> **EXERCISE REQUIREMENTS**:
Without the pictures, set down everything in the listing exactly.

> **DATA BLOCK**:
Start of Block
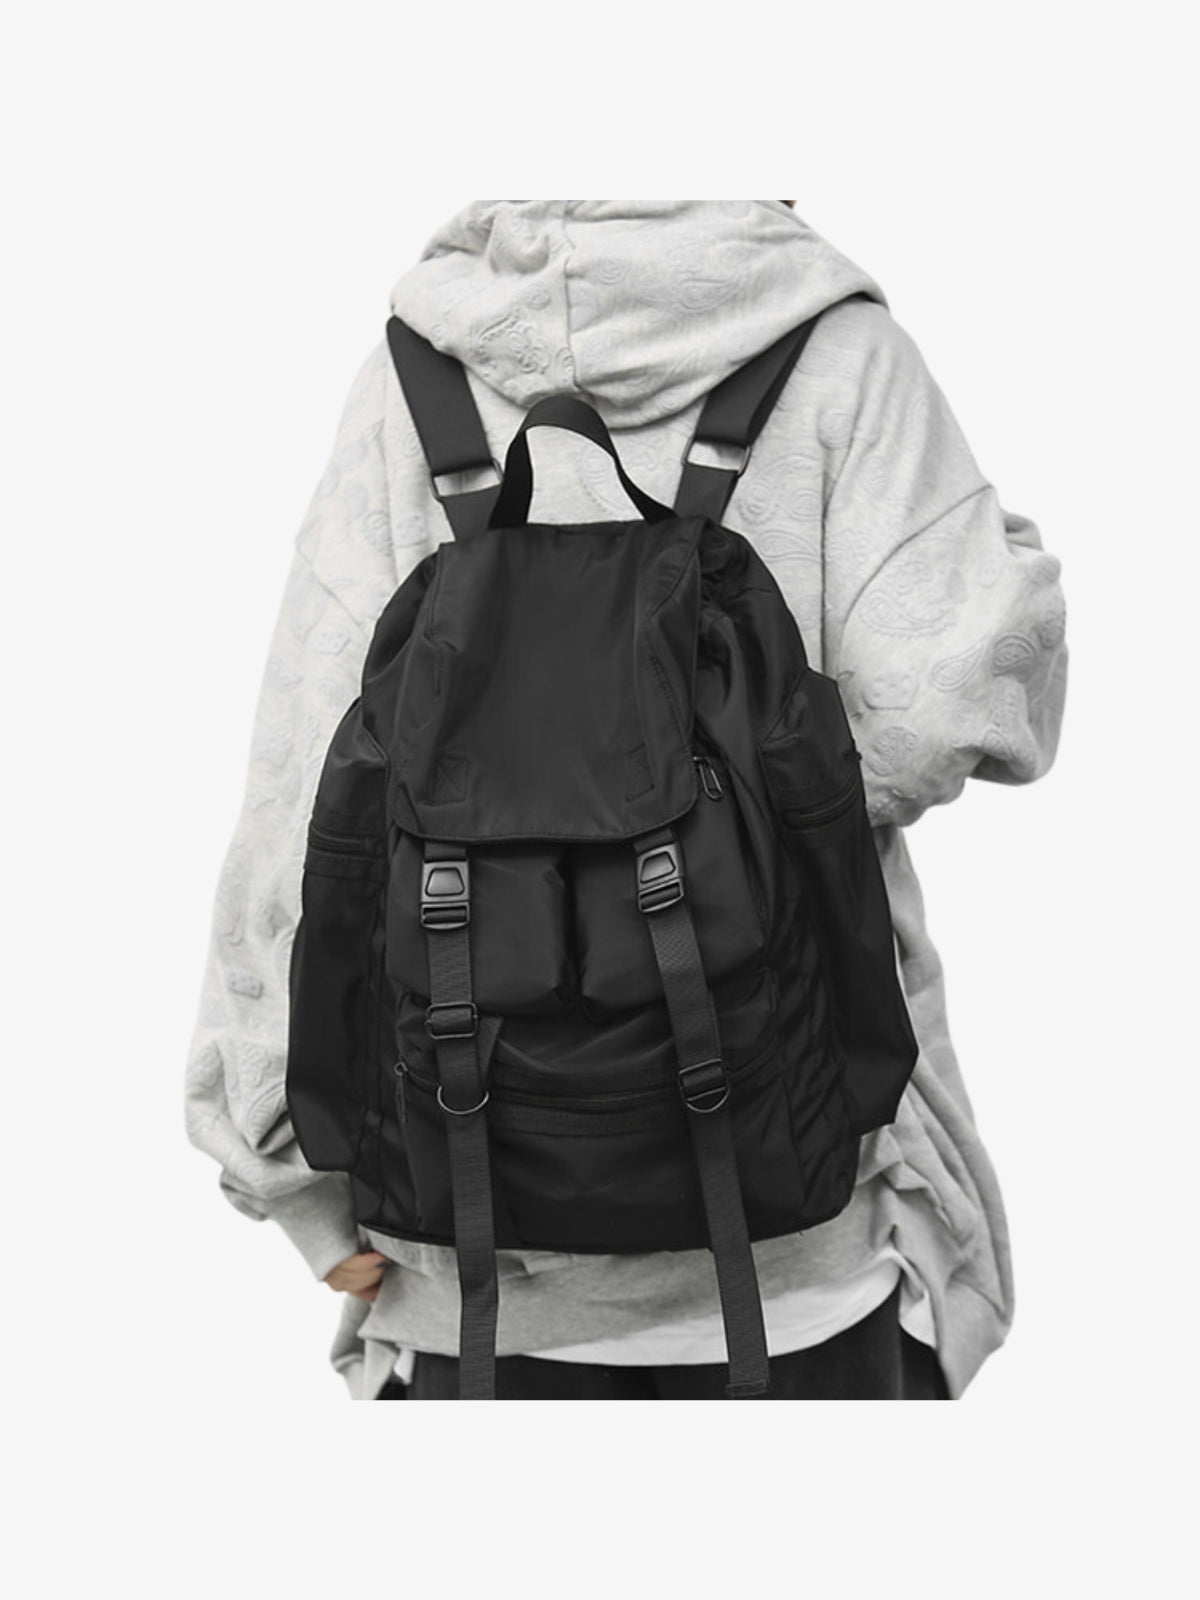 TideTech Functional Backpack
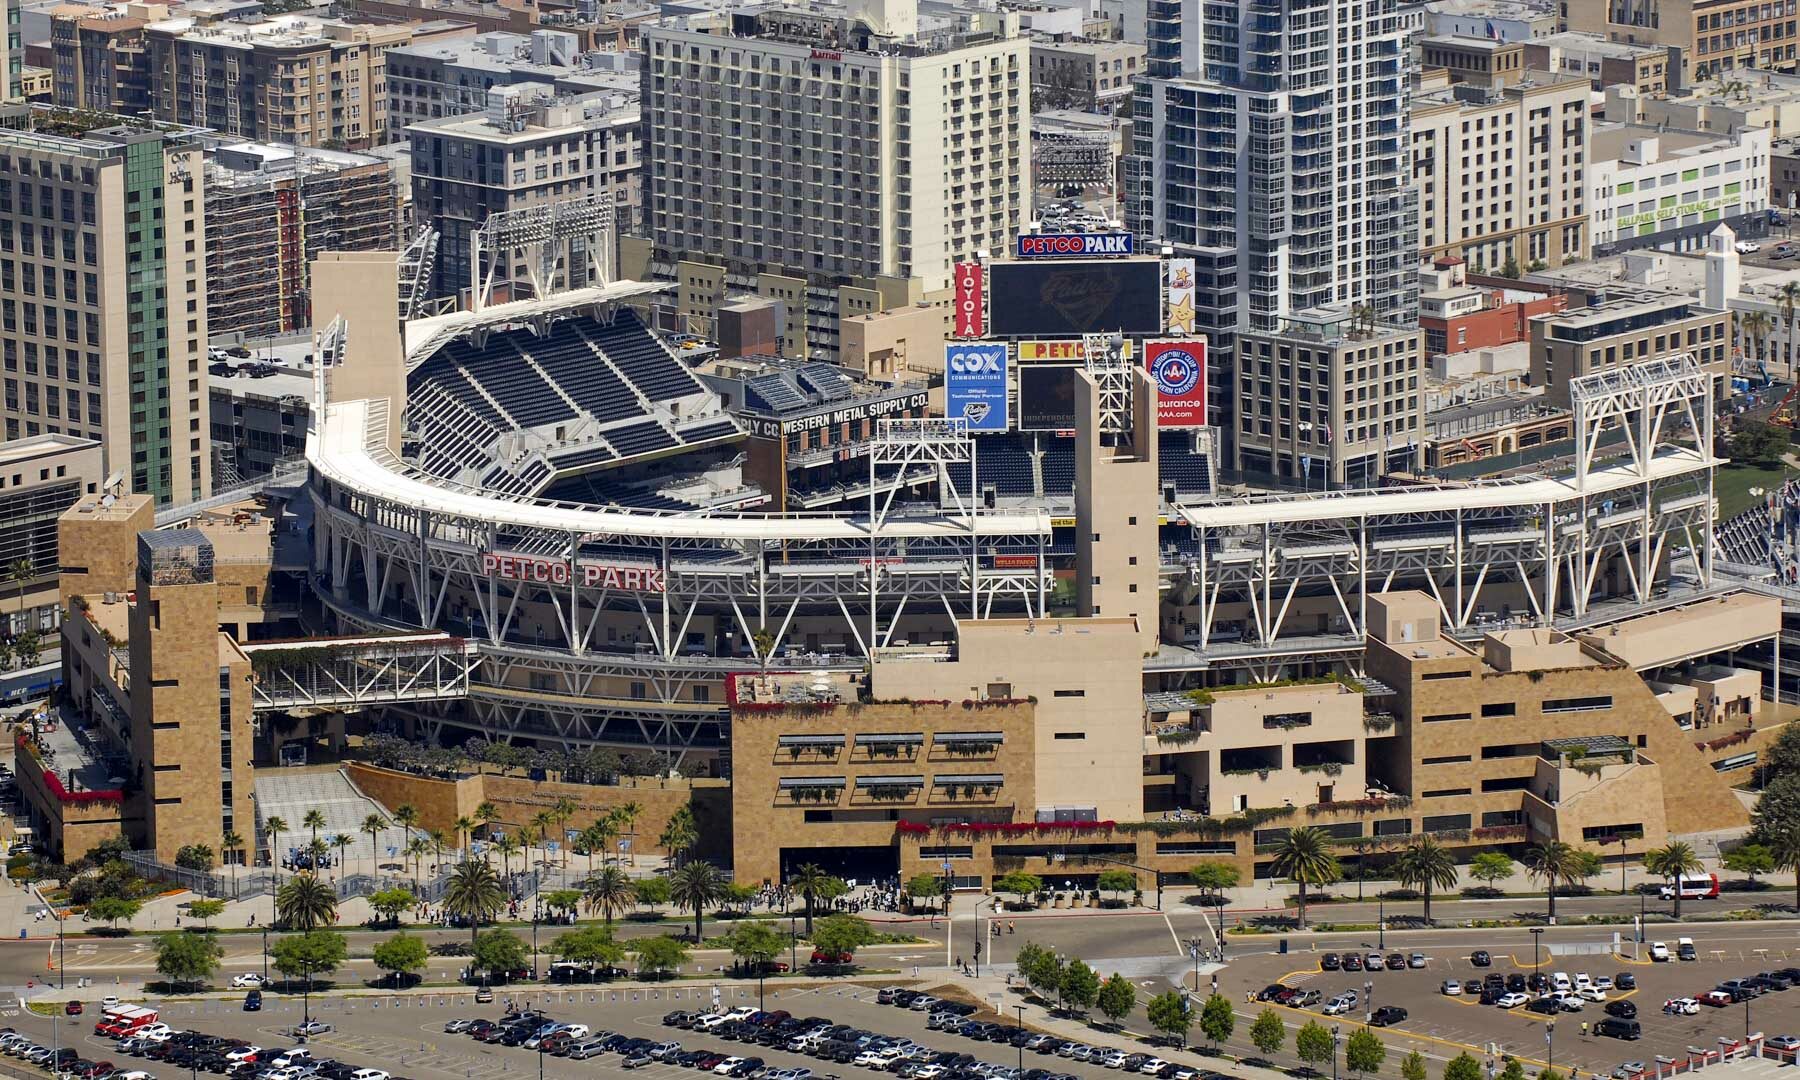 The Coolest Hotels Near Petco Park in San Diego, California
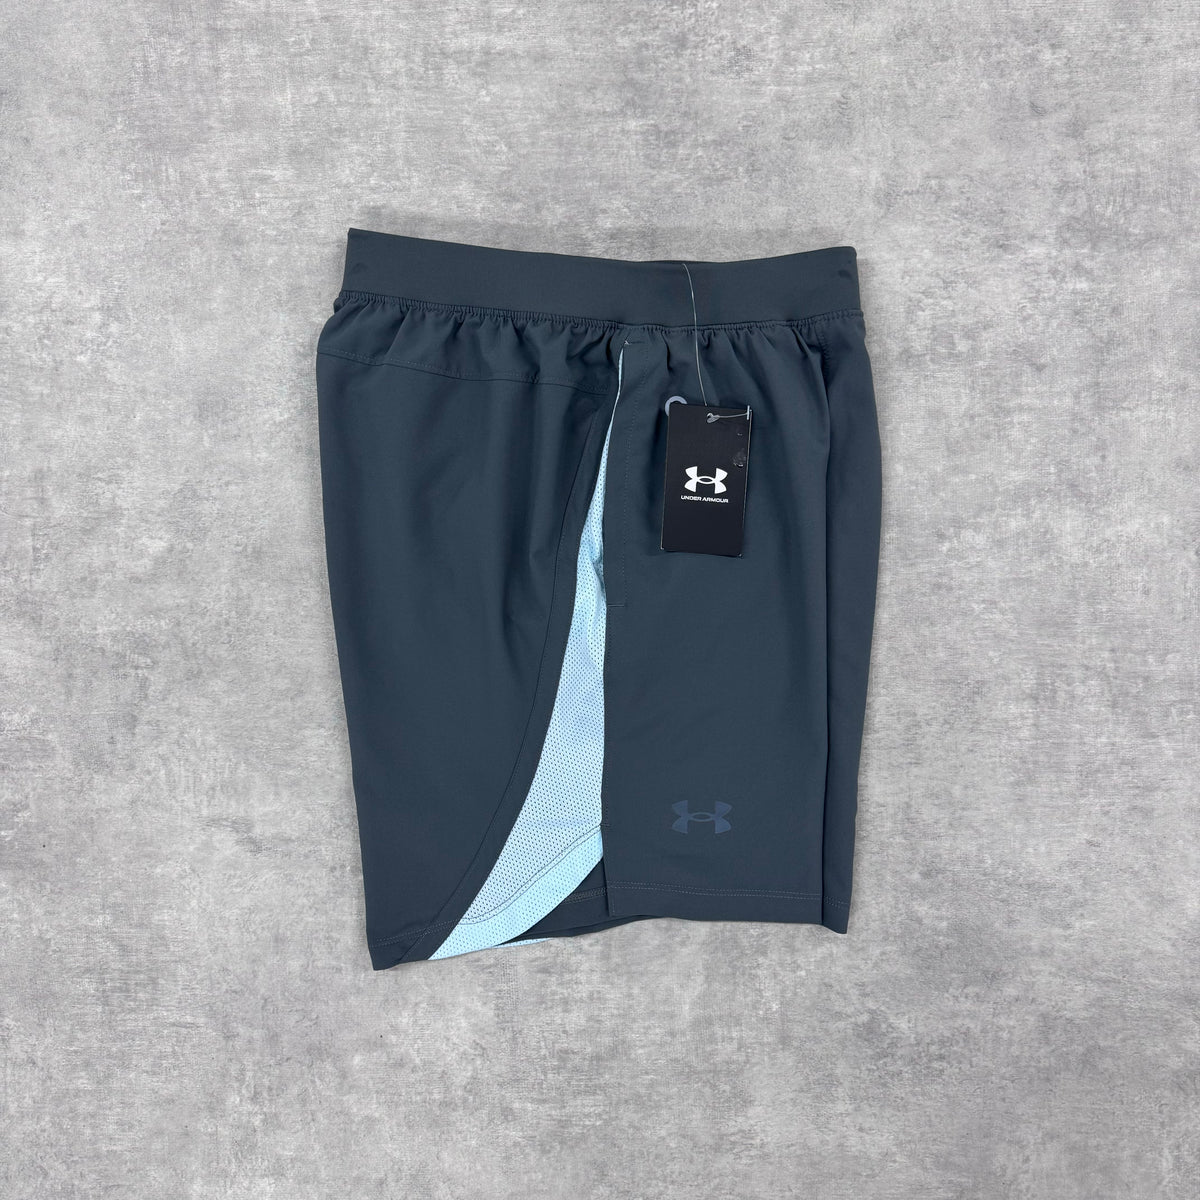 UNDER ARMOUR LAUNCH SHORTS 7” - GREY / SKY BLUE
End of Block
> **RESULT FOR THIS TASK**:
 TideTech Functional Backpack
 The Coolest Hotels Near Petco Park in San Diego, California
 UNDER ARMOUR LAUNCH SHORTS 7” - GREY / SKY BLUE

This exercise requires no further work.